Data below
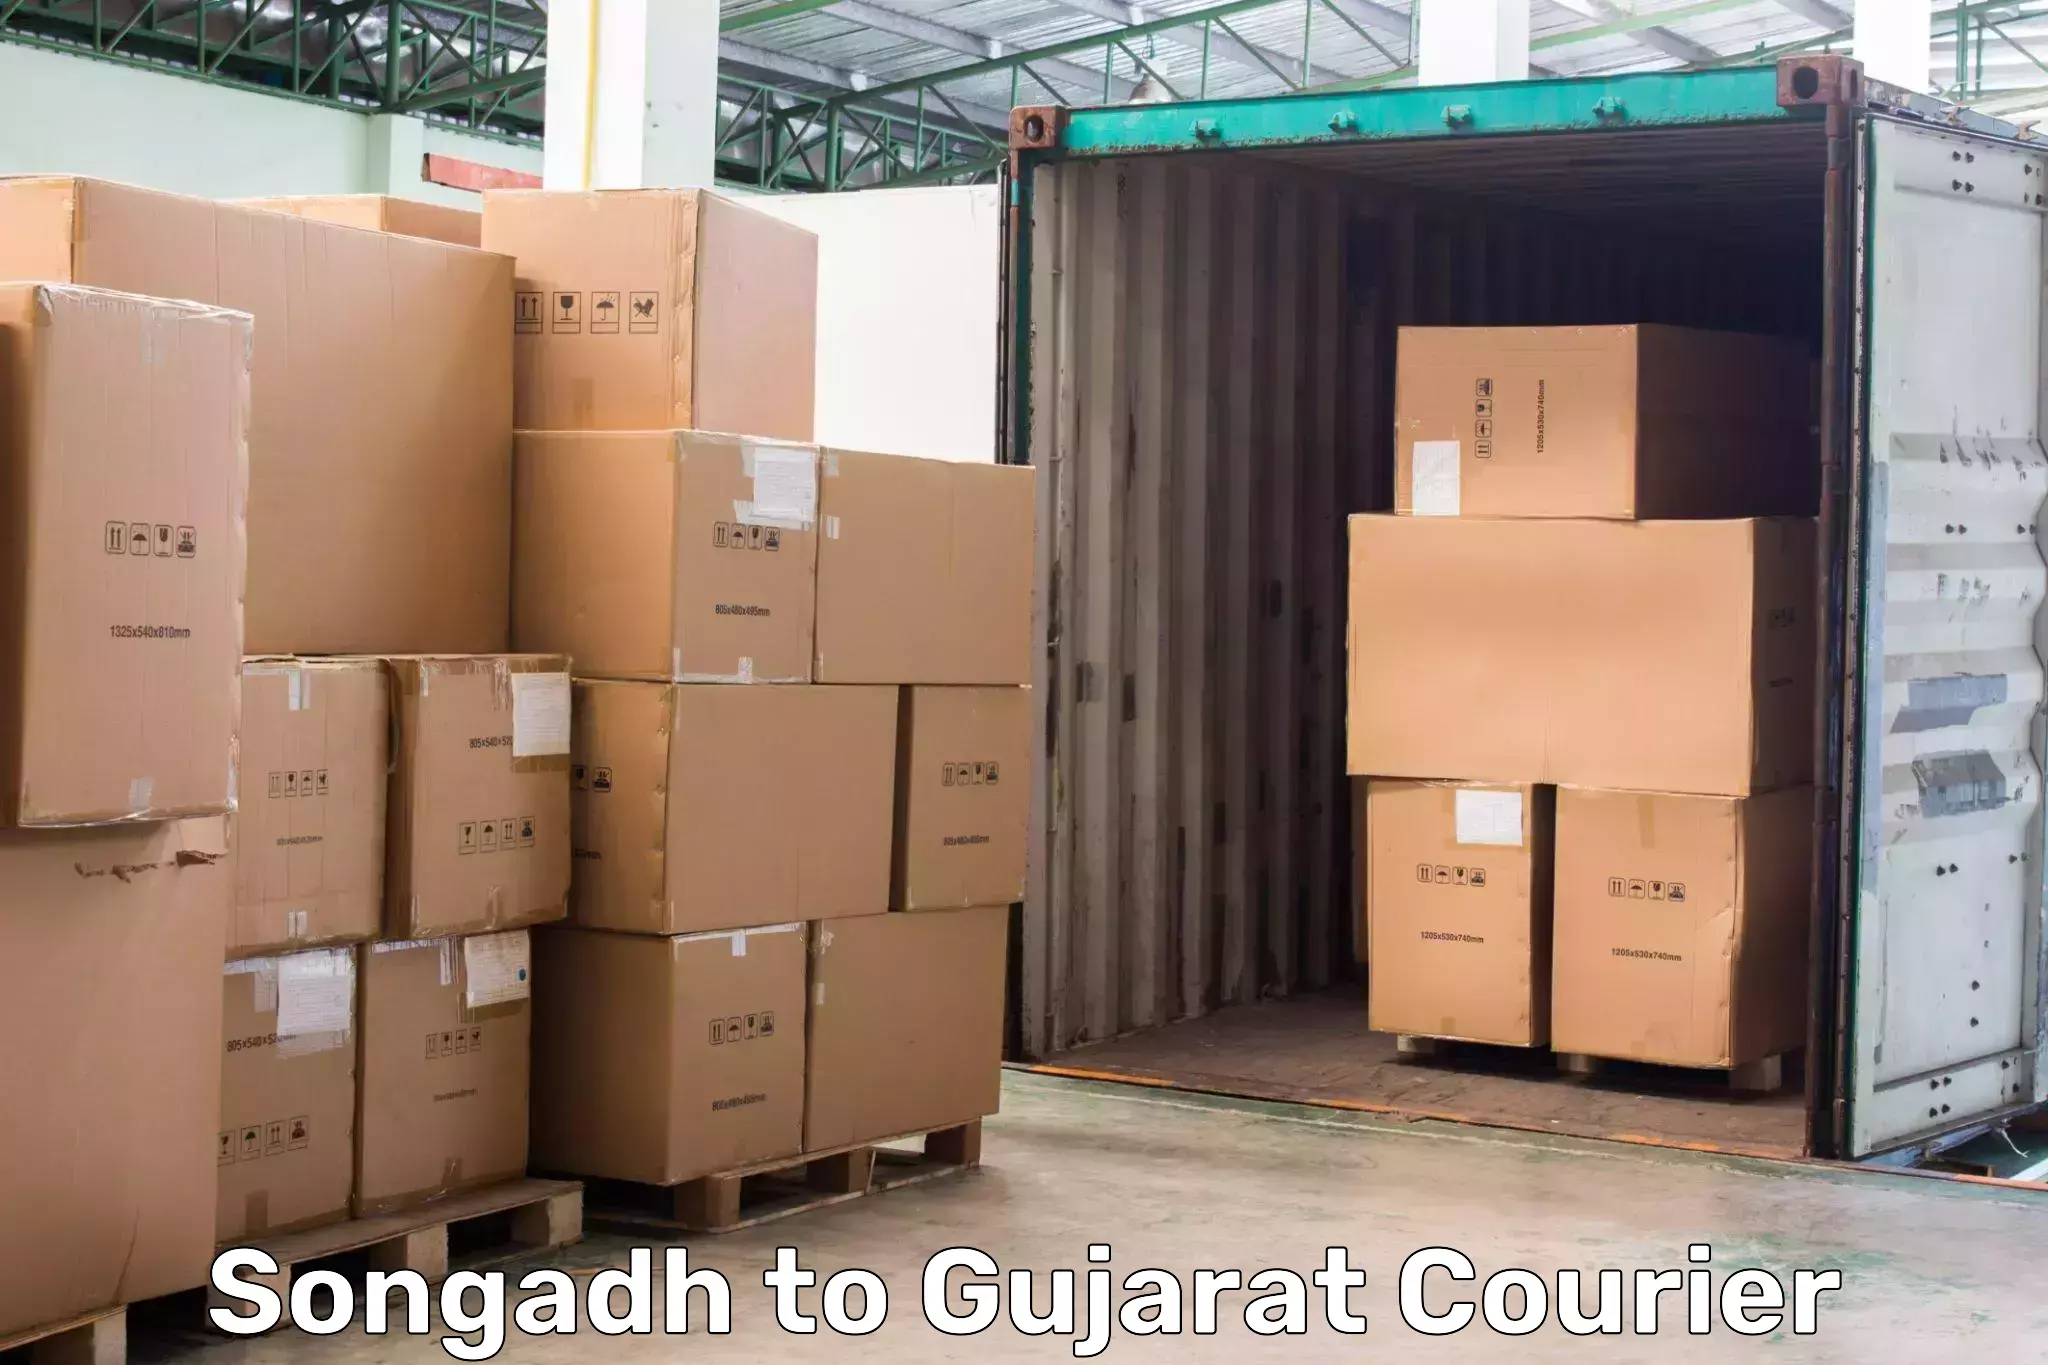 Air courier services Songadh to Gandhinagar
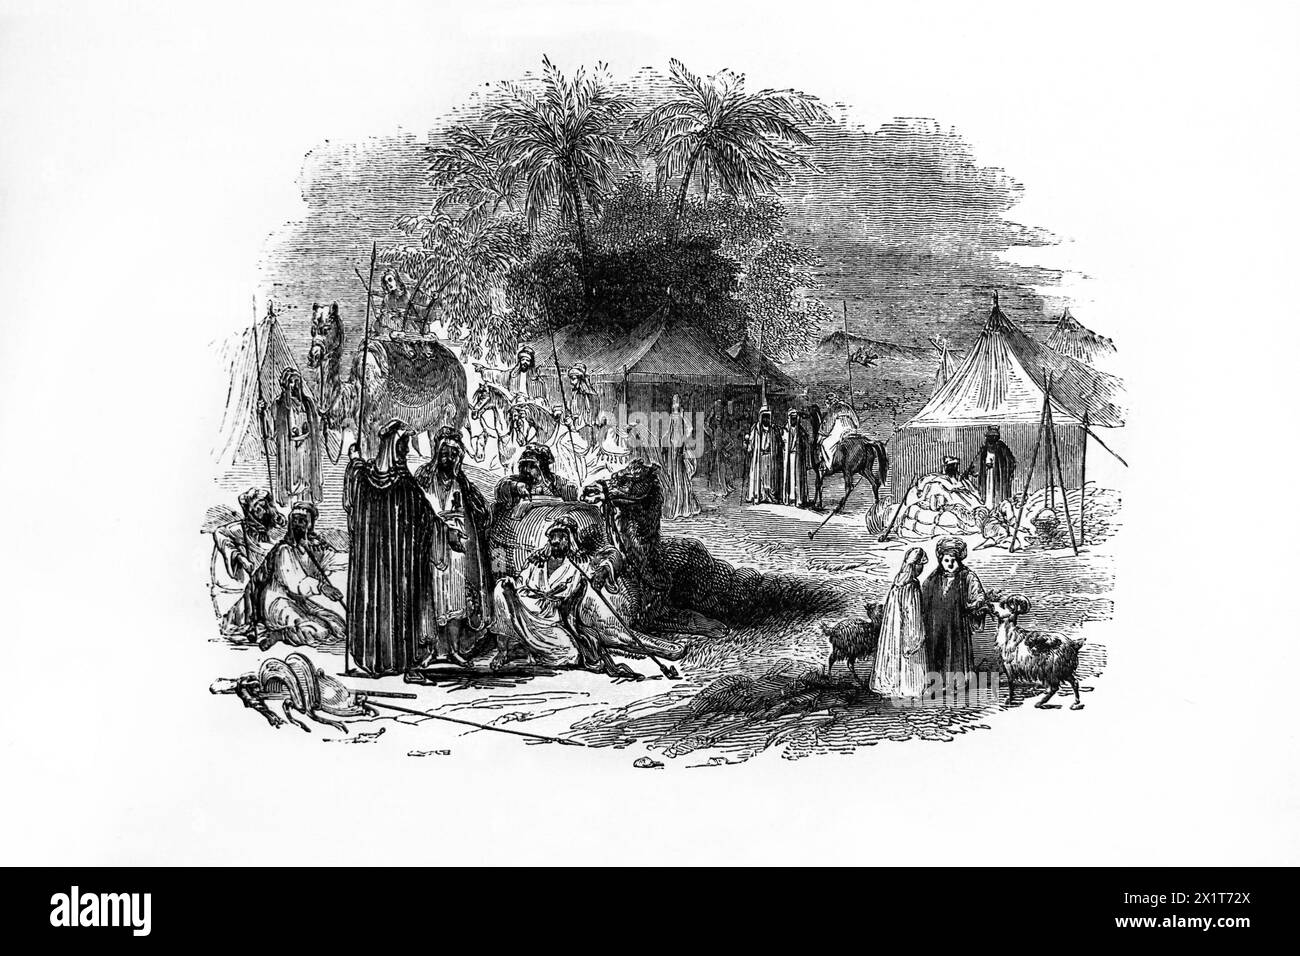 Gravure sur bois d'un campement bédouin dans la Bible familiale illustrée du XIXe siècle Banque D'Images
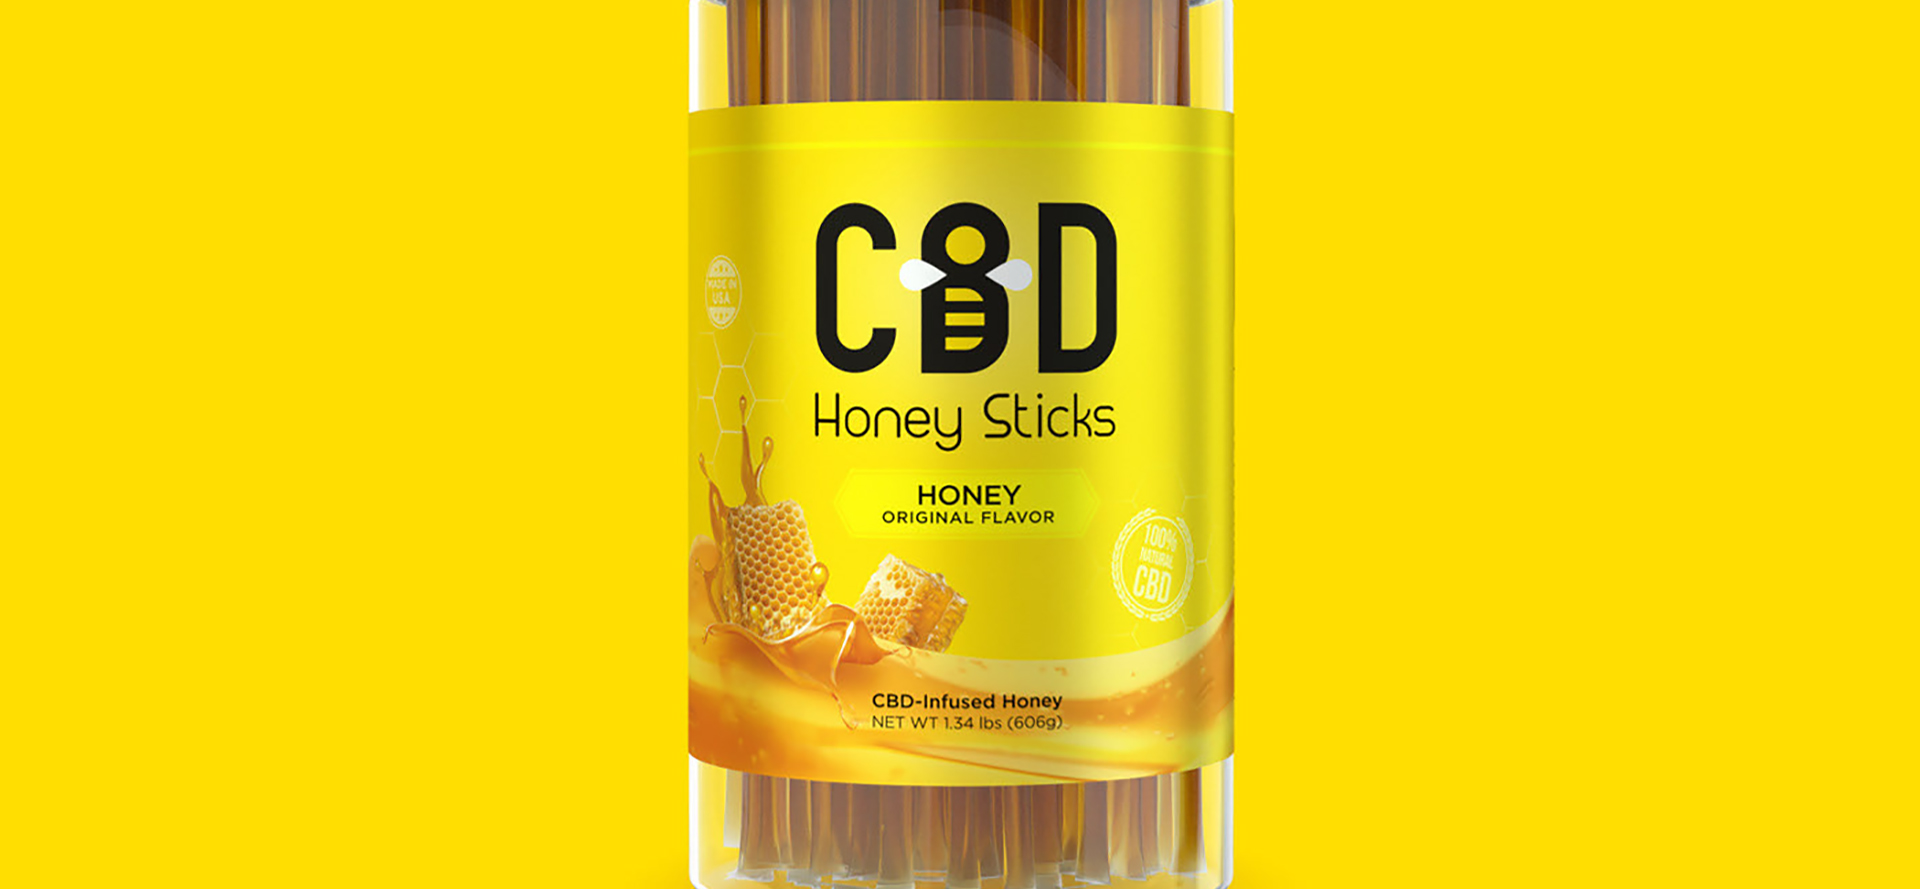 CBD Honey Sticks Original Flavor.

Work request
A verbatim copy of the material, pictures excluded, is what must be produced.

Finished exercise
 Air courier services Songadh to Gandhinagar
 Gravure sur bois d'un campement bédouin dans la Bible familiale illustrée du XIXe siècle Banque D'Images
 CBD Honey Sticks Original Flavor.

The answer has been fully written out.